I have experienced some memorable moments since becoming a deacon. Caring moments, tender moments and oh yes, some funny moments. I’ll have to save the funny moments till another column -- another time.

One caring moment? After four years of studies and formation, I remember when, at my ordination liturgy and Mass, the head of formation verbally ‘testified’ to our worthiness to be ordained (on behalf of his position representing the Church). We were then asked by Archbishop Charles Chaput to stand up, to turn around and face the 800 or so assembled family members and guests. Thunderous applause broke out. My family was near enough for me to see them. I believe that an adult son had tears streaming down his cheeks -- this from a non-practicing young man who cared enough to be present at this special time in my life.

A tender moment? I vividly recall a time that I was delivering the weekend homilies at our parish back in Estes Park, Colorado. The church is a gorgeous, small-mountain town type place of worship. There’s an intimacy for those in the front sections; they were able to see my expressions and emotions, and I could see their’s.

The weekend that comes to mind was when I was preaching about emotional wounds that many of us carry -- some carrying them like heavy baggage all through our lives. I spoke about having in my own life a father wound. I shared at this Sunday Mass about having a father who seemed disappointed in me. He was never that happy around me, and was mostly remote. In my processing of and reaction to this, I was smart-mouthed, sometimes insulting and unloving. In that Colorado homily, I shared about how sorry I was that I had never healed the relationship with my dad (or mom) while they were alive. And now they were deceased.

But what I did share was that I eventually went to the cemetery in Windsor, Canada where they are buried. It was a warm, sunny summer day. I went to their gravesite and I knelt down. I prayed for their forgiveness and I told them how sorry I was for my sinful behavior of earlier years. I told them I would pray for them. I asked for reconciliation and then I walked over to the car that I had driven there. I opened the doors and invited my parents to get into the car and to take a ride to a family reunion that I was attending. It was a family reunion for my late mom’s family. And since that time, I’ve become a daily Mass goer, and have prayed for them hundreds and hundreds of times. It is a part of my inner healing from wounds that I carried for years.

How well I remember delivering this homily in Colorado and seeing a man about my age sitting there with tears streaming.... streaming down his cheeks. I don’t know whether I was ‘opening’ a painful wound that he carried, or whether he was being ‘called’ to start a similar reconciliation in his own life. I’ll never know.
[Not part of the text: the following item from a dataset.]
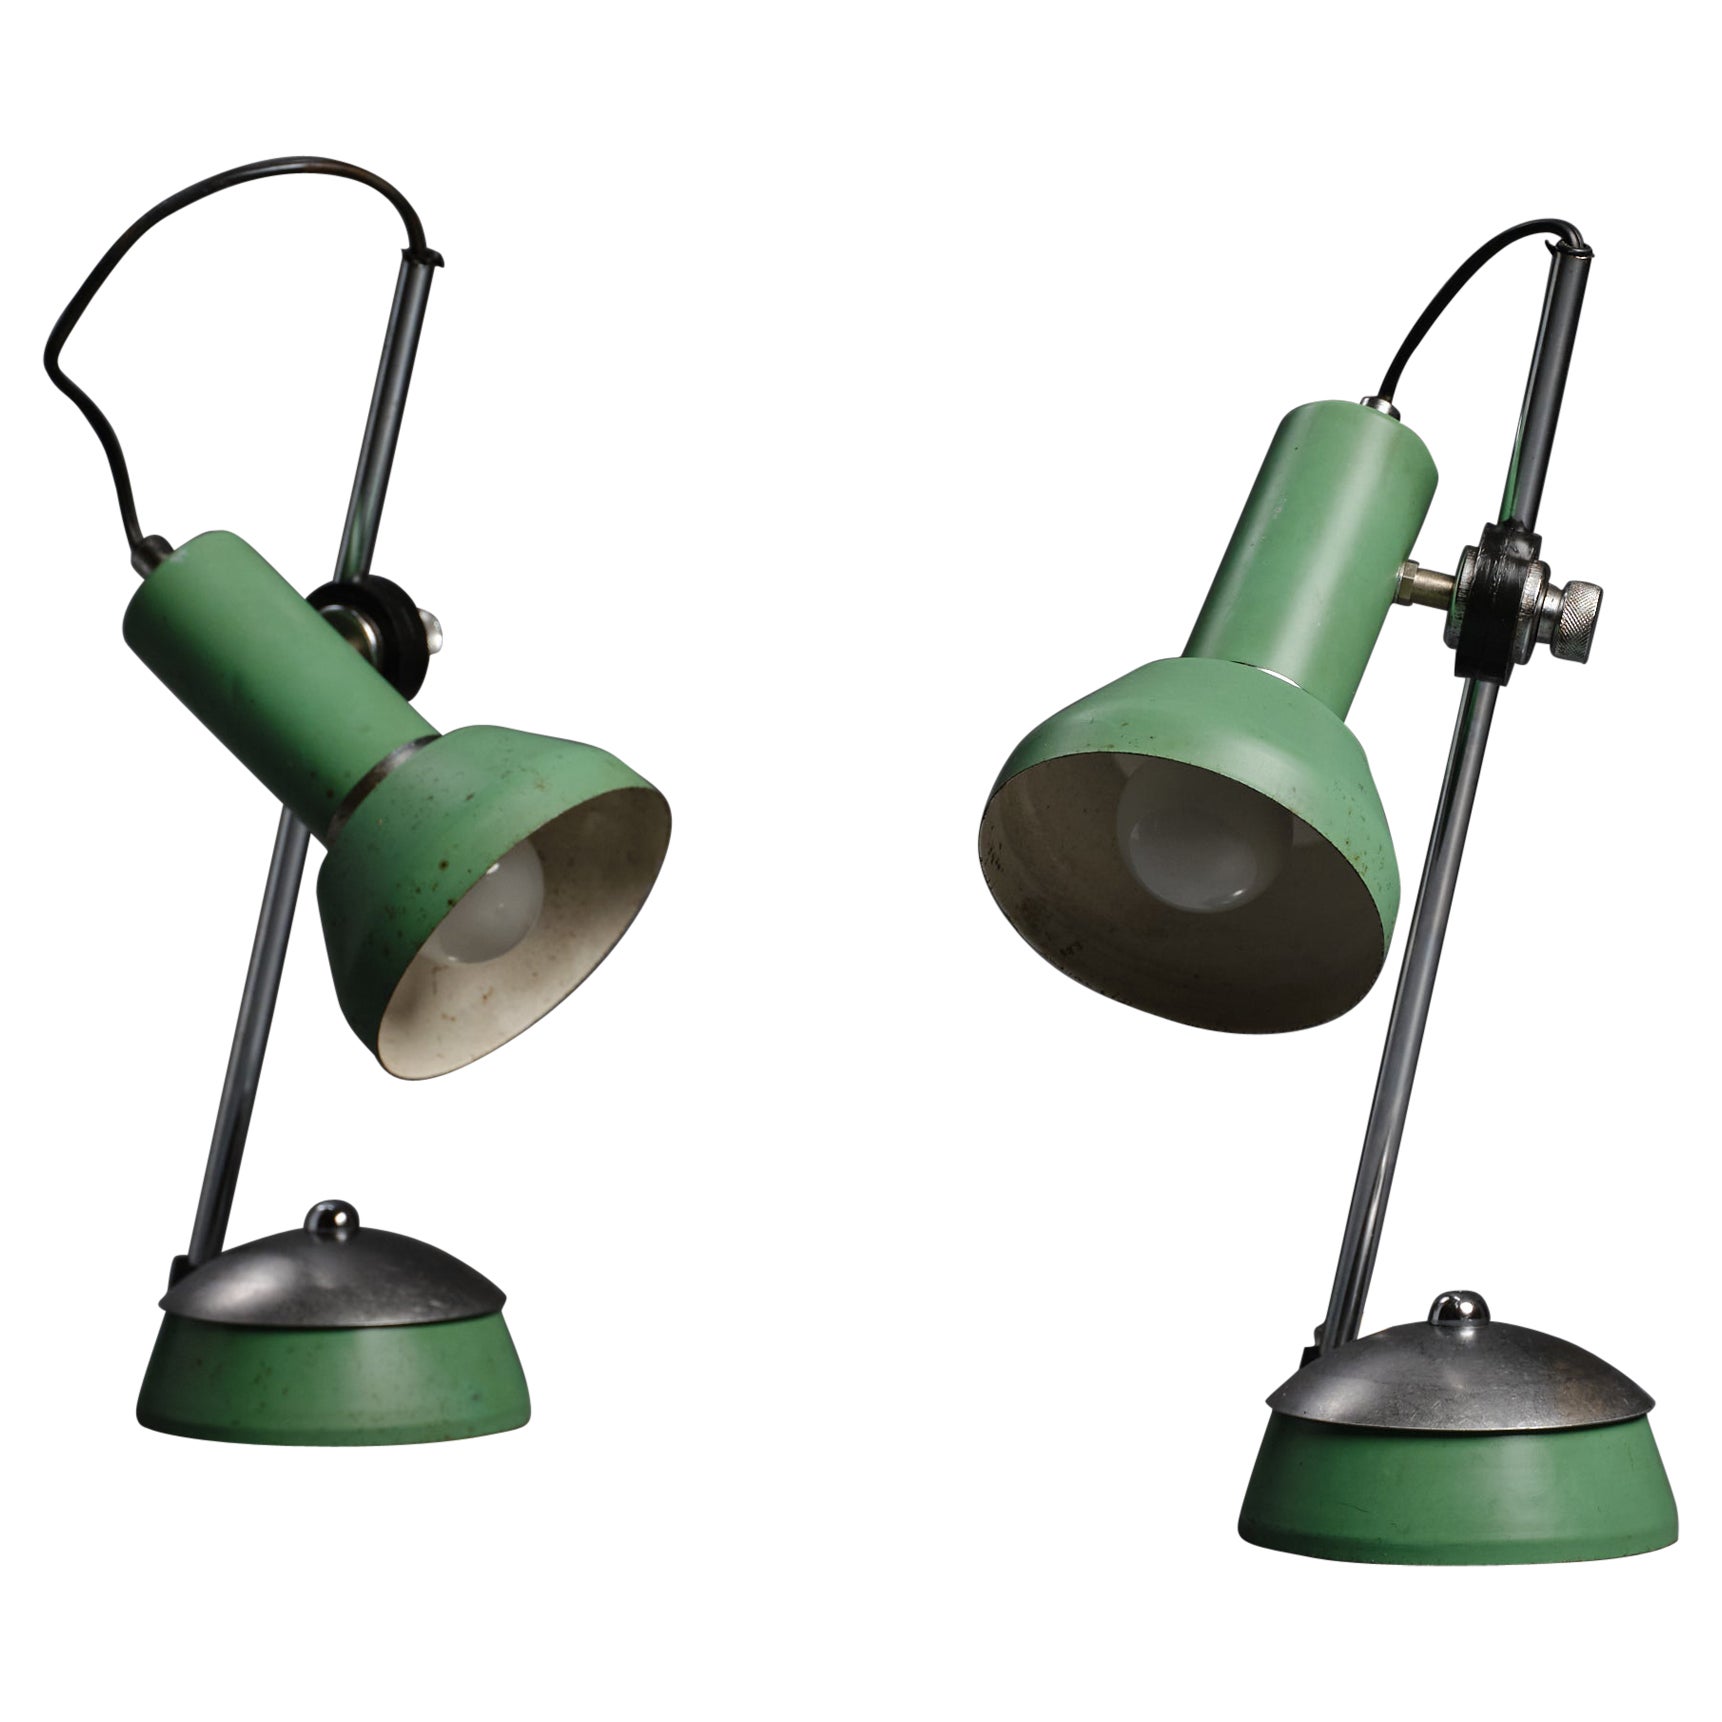 Grüne Vintage-Tischlampen aus den 70ern mit modernem Design und Stahldetails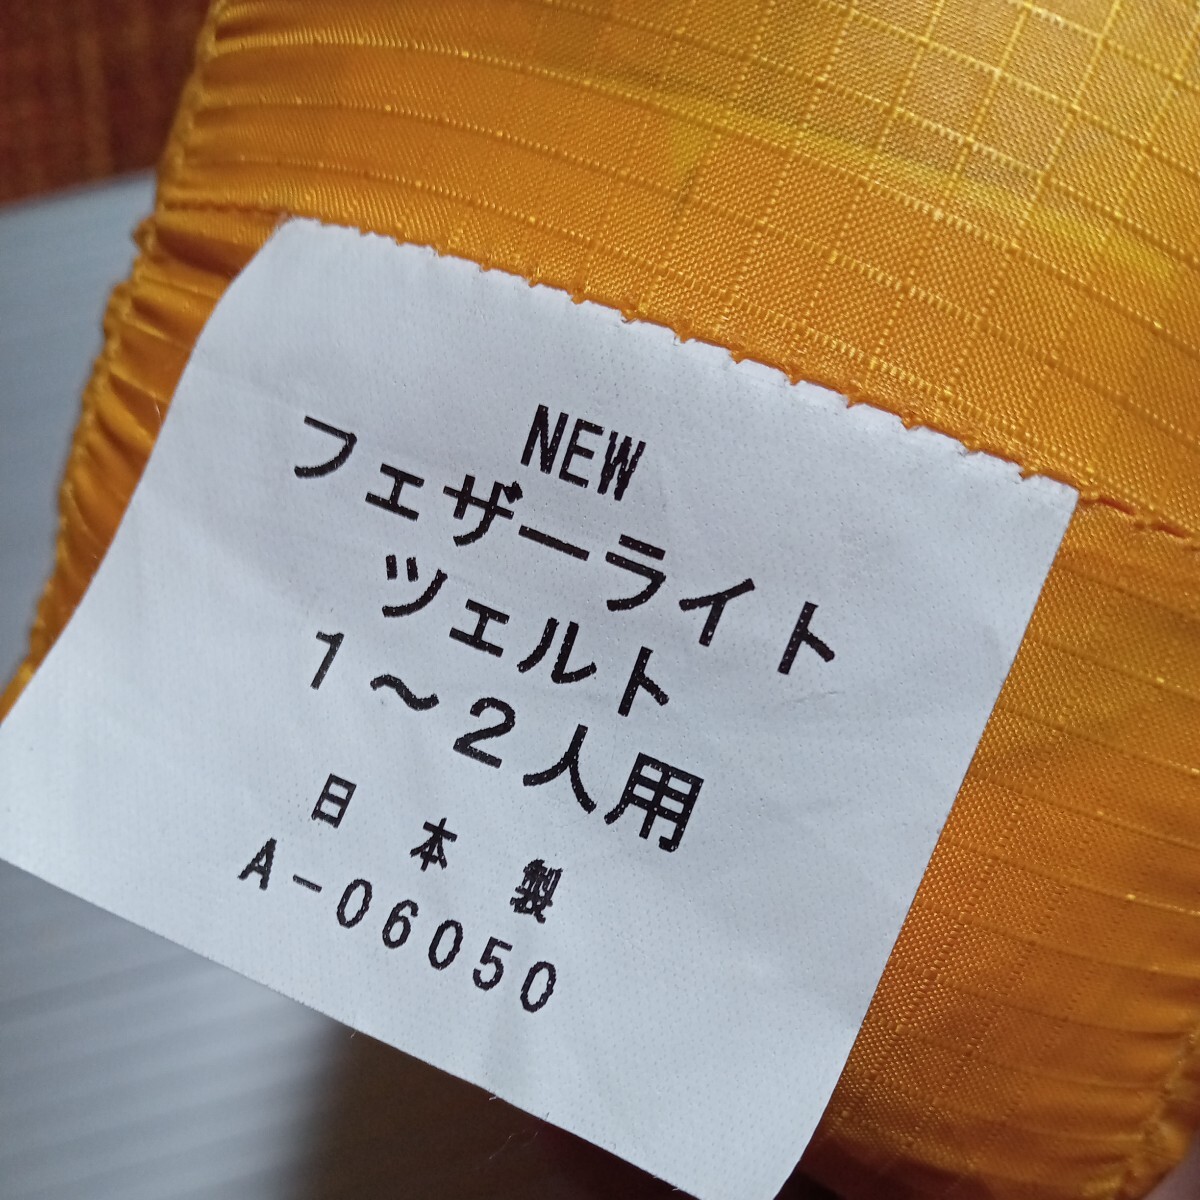 【未使用 日本製】PAINE NEW フェザーライト ツェルト 1〜2人用　A-06050 パイネ ビバーク テント _画像3

But I am convinced that many of us carry the baggage of painful wounds in our lives. Each of us come from differing circumstances. We may struggle with self-hatred, resentments, undue concern about sins we’ve committed and confessed, anger, guilt -- our wounds are as many and as ‘mixed’ as the variations on the theme of the brokenness of original sin.

The wounds that we carry, like mine can originate from events of a generation or more ago. And yet they damage true happiness at times such as Christmas or New Years. I read once about the example of trying to push a basketball down deep into the water at a pool. The further we push down, the more the ball struggles to free itself from our grasp. That image comes from the struggle so many of us have to repress our wounds.

And so -- if it sounds like a too-unhappy a topic to be bringing up at the season of the newborn Christ-child, remember that He said ‘Remain in Me and I remain in you. And ‘come to Me, all of you who labor and are burdened, and I will give you rest.’

And so my prayer for any who might see this is a prayerful wish for healing one or more of the demons you carry with you in the form of wounds. This in turn can become a great gift to those around us: they are blessed by the healing of our inner wounds.

And so we pray:

“Lord Jesus Christ, I come to You and ask You to be present from the moment of my conception to this very moment, filling me with your infinite love and mercy; filling me with every grace and blessing: gifts to heal every hurt that I carry. Hurts known; wounds unknown.

Provide me with the fatherly or motherly love that I may not have had according to your plan. Provide me with forgiveness for parents or siblings or others who have hurt me in my walk in life.

As I journey through each new day in the New Year, I ask you to cleanse, heal and refresh me. Refresh and renew my life that I may be the gift to others that may have been missing in my earlier years. Help me to love and appreciate the gift of acceptance that I know you will give to me. Hold me close to you. Heal my wounds. Amen.”

I pray for you a holy and blessed Christmas, and a healing and happy New Year.